Information shown START
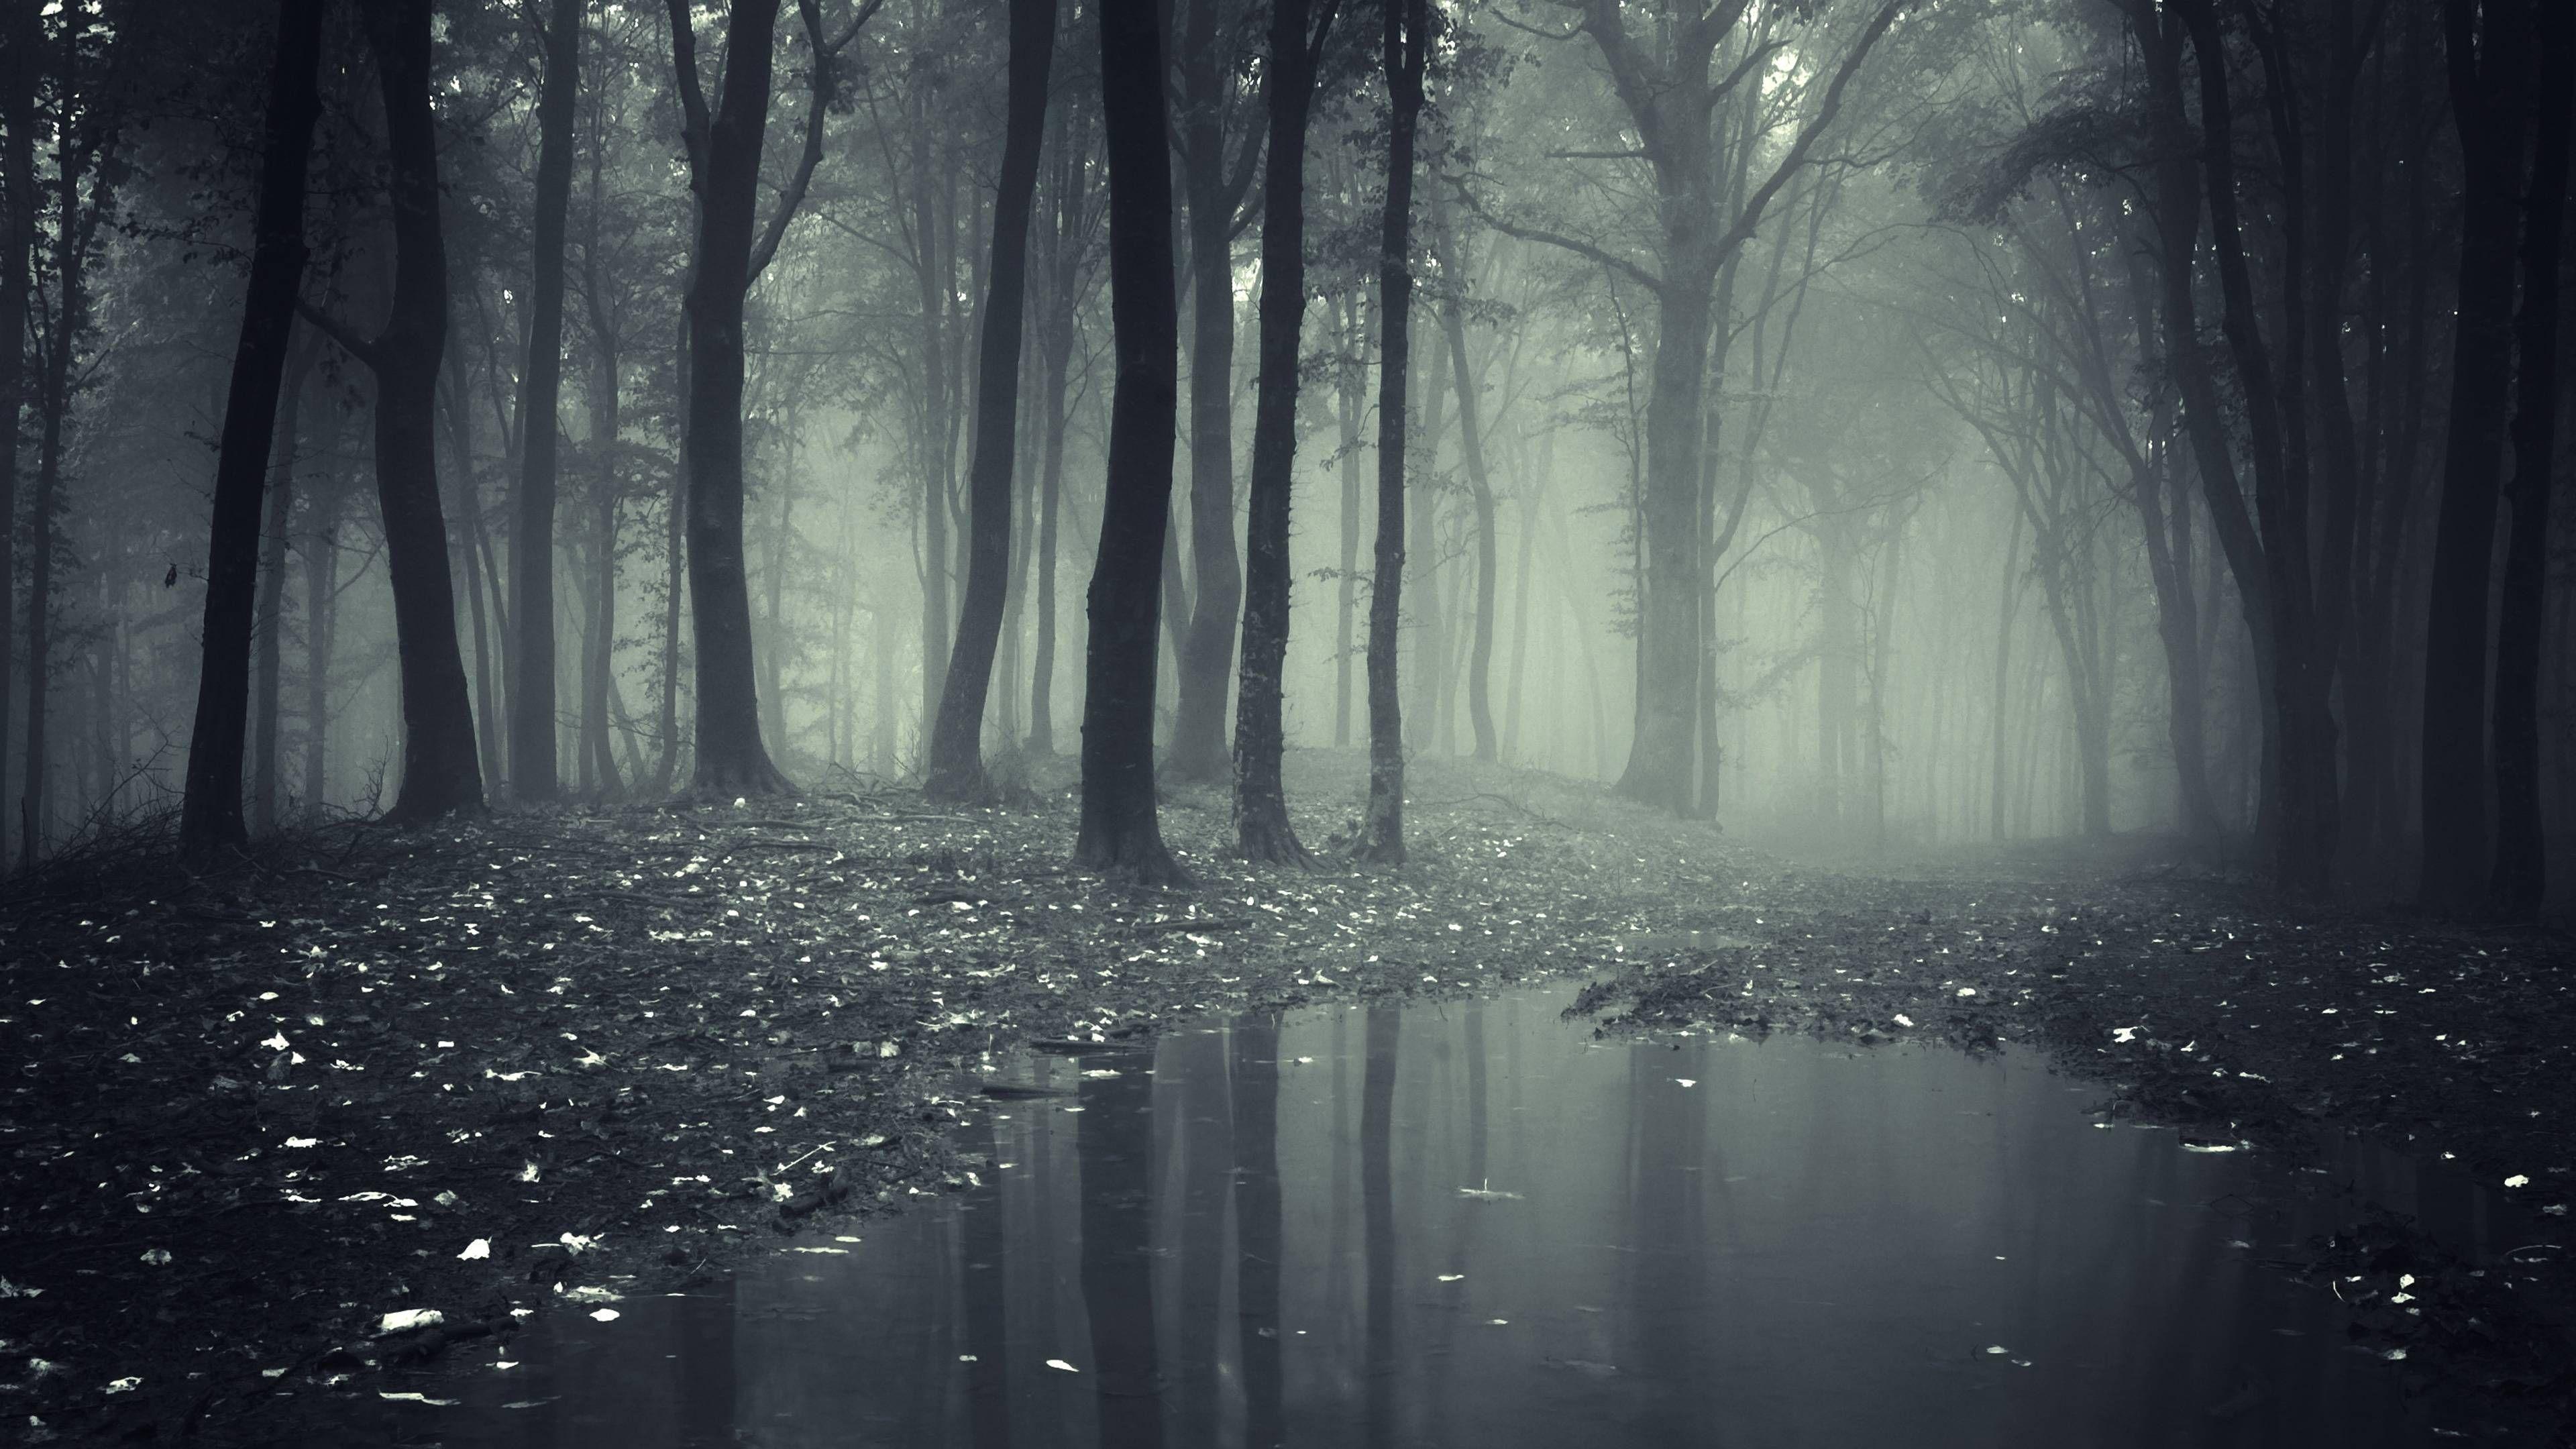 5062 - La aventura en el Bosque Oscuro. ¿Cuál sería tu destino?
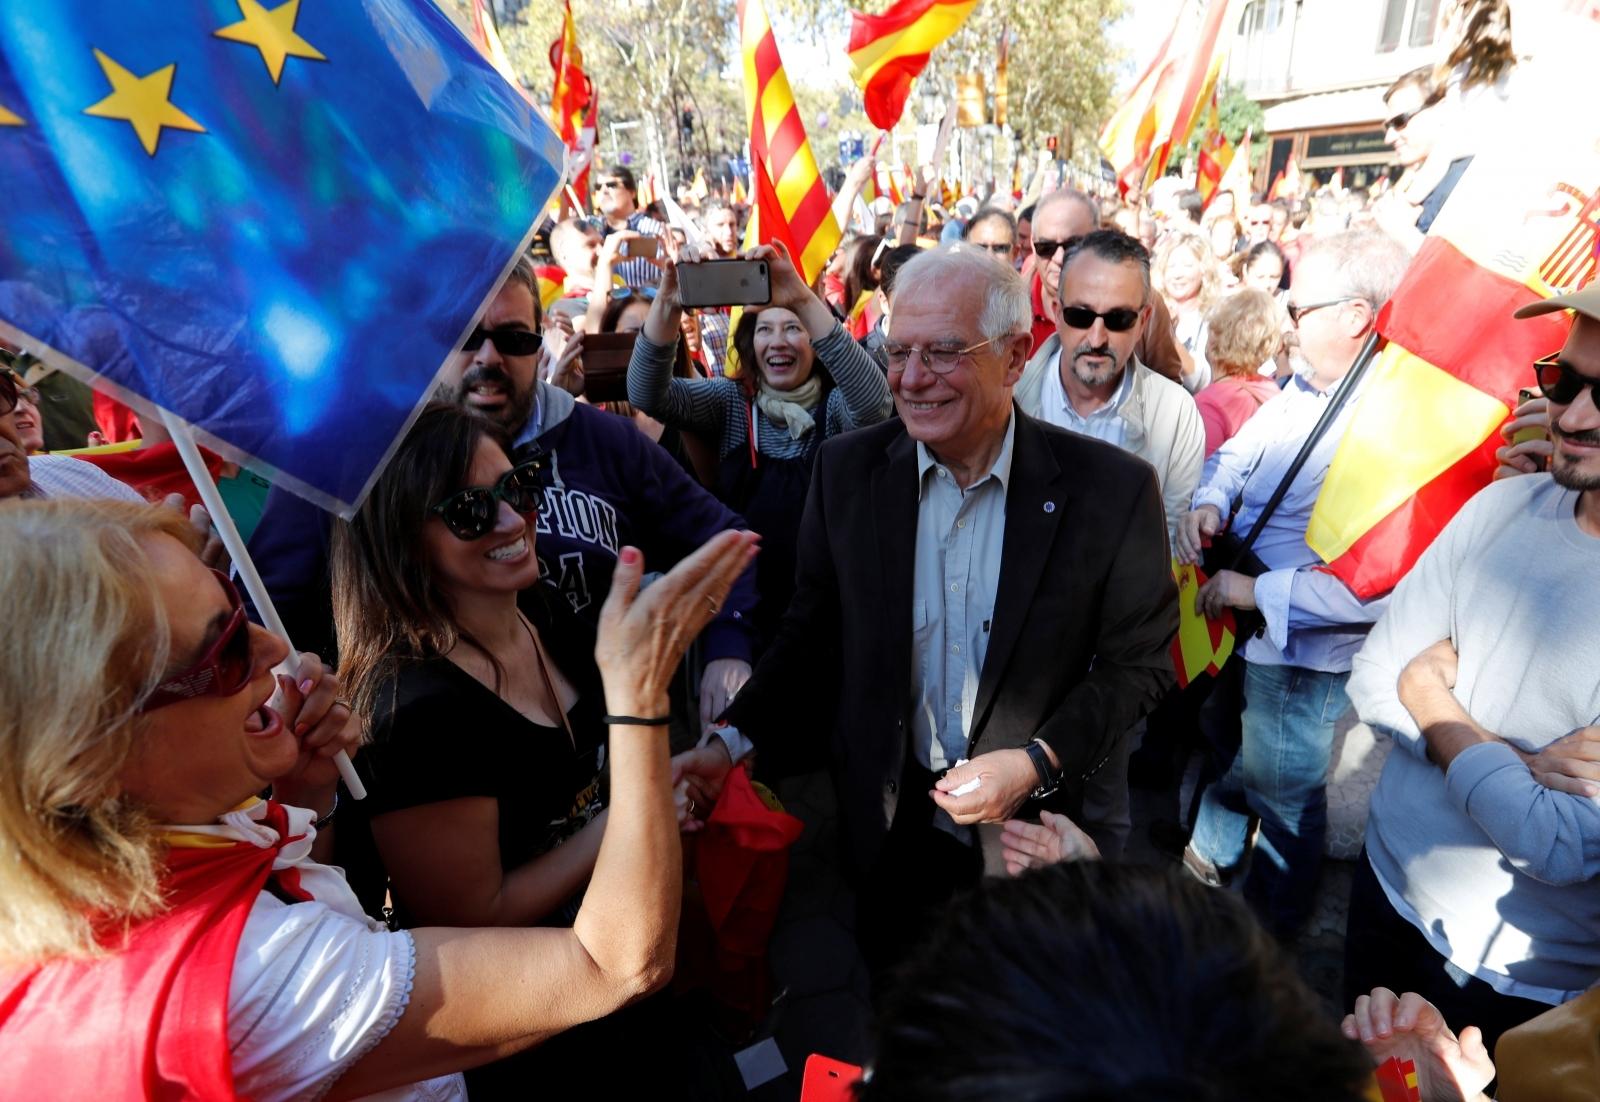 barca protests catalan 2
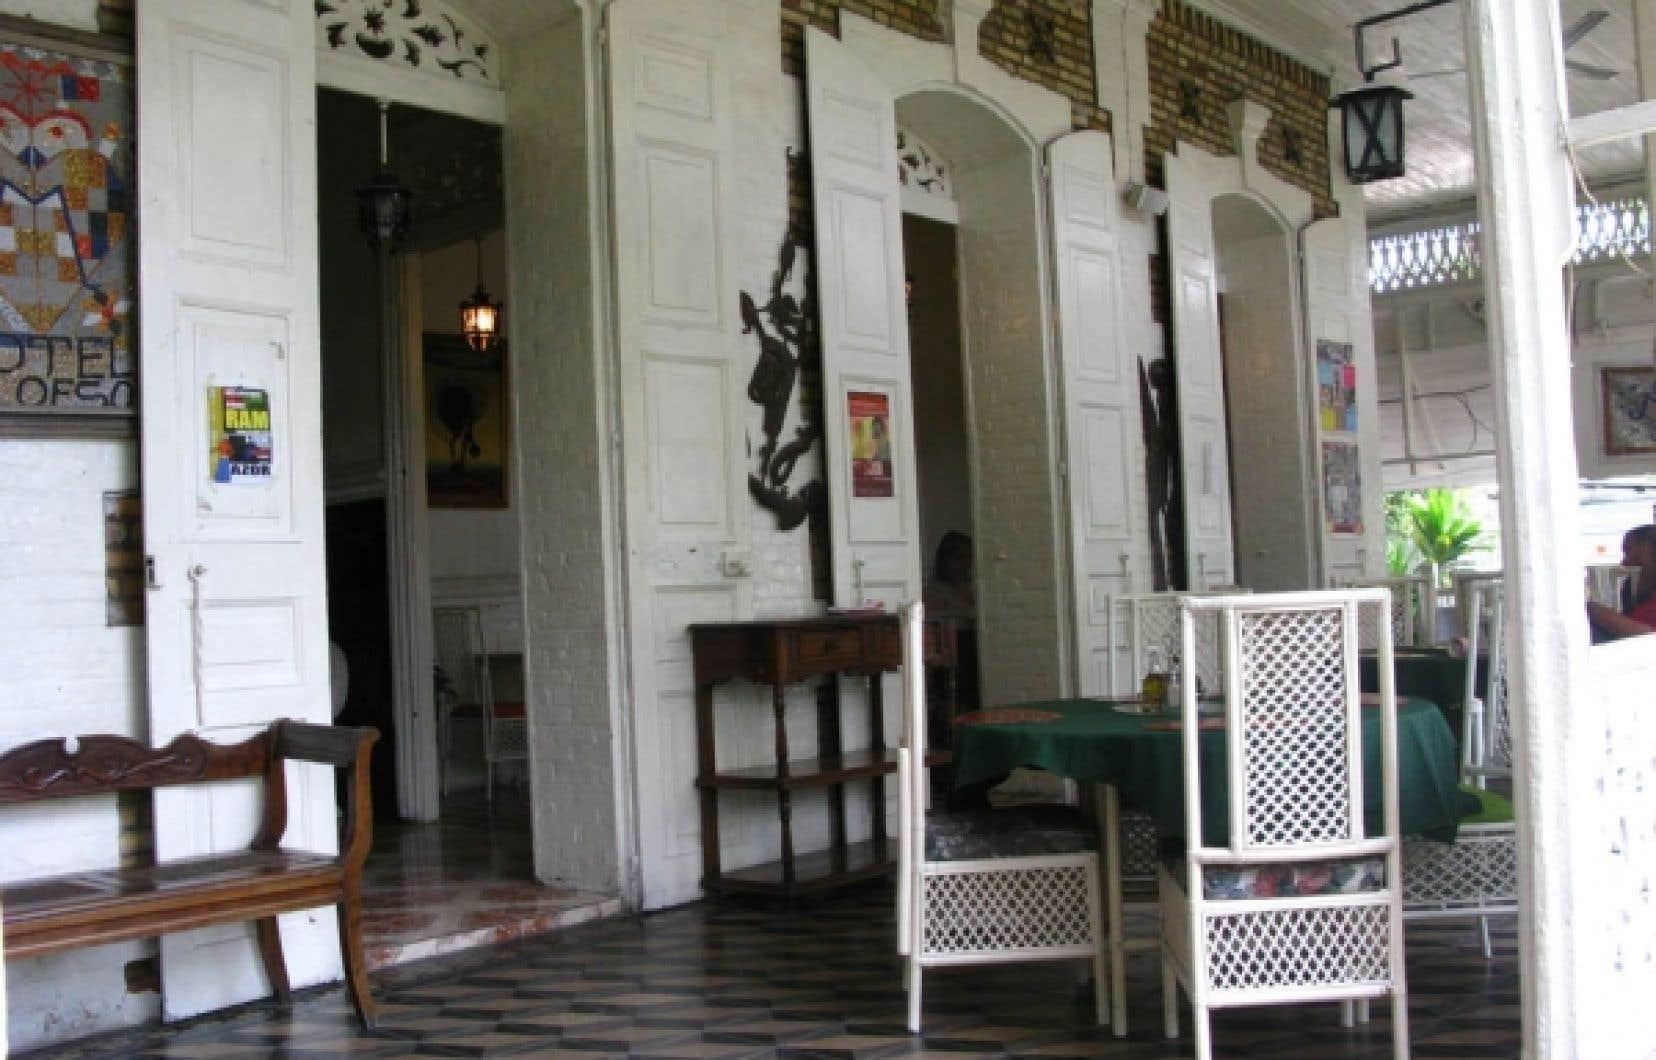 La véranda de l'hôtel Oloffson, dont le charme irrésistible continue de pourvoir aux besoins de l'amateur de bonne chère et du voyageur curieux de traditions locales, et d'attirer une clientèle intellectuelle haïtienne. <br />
Information shown END
◆ Prompt:
Please give again, exactly and only, the lines from the top of the listing above through the line that has "barca protests catalan 2", with pictures left out.

◆ Reply to the exercise:
 5062 - La aventura en el Bosque Oscuro. ¿Cuál sería tu destino?
 barca protests catalan 2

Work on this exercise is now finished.